We next investigated whether exposure to proinflammatory stimuli influences the expression levels of ENT1 and ENT2. For this, we exposed confluent vascular endothelial HMEC-1 cells to different concentrations of the inflammatory cytokines IL-6, IL-1β, and TNF-α. The results demonstrated significantly reduced concentrations of ENT1 and ENT2 in response to inflammation in a time-dependent and concentration-dependent manner (Figures 2A and 2B and Figures E1A and E1B in the online supplement).
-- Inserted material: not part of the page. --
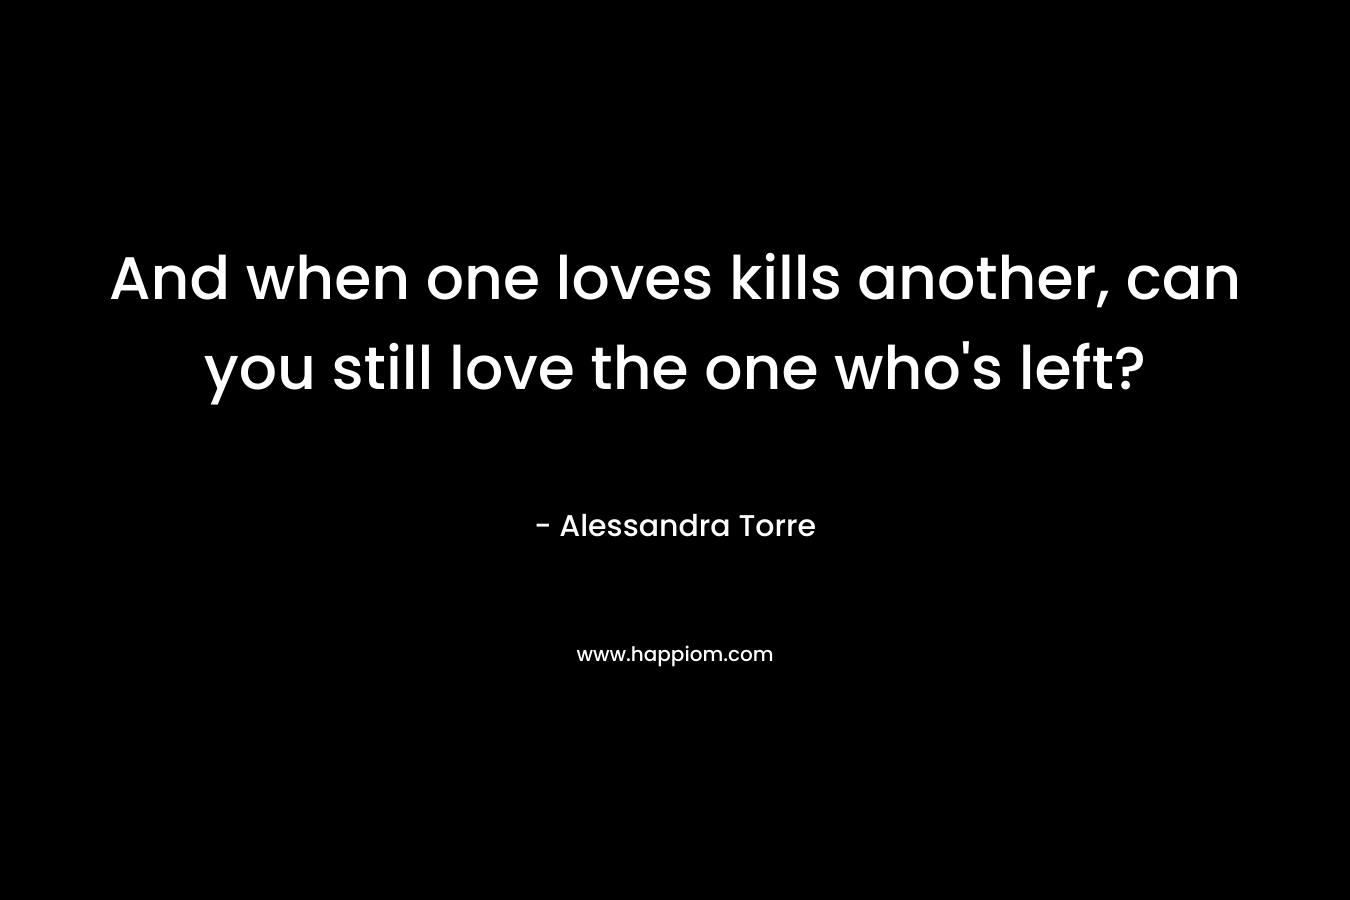 And when one loves kills another, can you still love the one who’s left? – Alessandra Torre

Additional Western blotting analysis confirmed these findings at the protein level (Figures 2C and E1C). We also found a repression of both ENT1 and ENT2 in alveolar epithelial cells, confirming our results with the endothelial cells (Figure E2). The equilibrative nucleosides transporters have been reported to be located on the apical and the basolateral sides of intestinal and renal epithelia, respectively, but their polarization in vascular endothelium remains unknown. Given the mostly apical colocalization of the enzymes responsible for the generation of extracellular adenosine (CD39 and CD73), and the apical and basolateral colocalization of the adenosine A2AAR and A2BAR receptors (17, 18), we sought to ascertain specific localizations of ENT1 and ENT2. For this purpose, we biotinylated either the apical or the basolateral membranes of HMEC-1 cells. After immunoprecipitation and further Western blotting with streptavidin, the results confirmed a predominance of both transporters on the apical side (Figure 2D). Assessment of E-cadherin was used a positive control for the basolateral membrane (19). Together, these results implicate the inflammation-mediated repression of vascular ENT1, and more importantly ENT2, largely at the apical surface of the cells.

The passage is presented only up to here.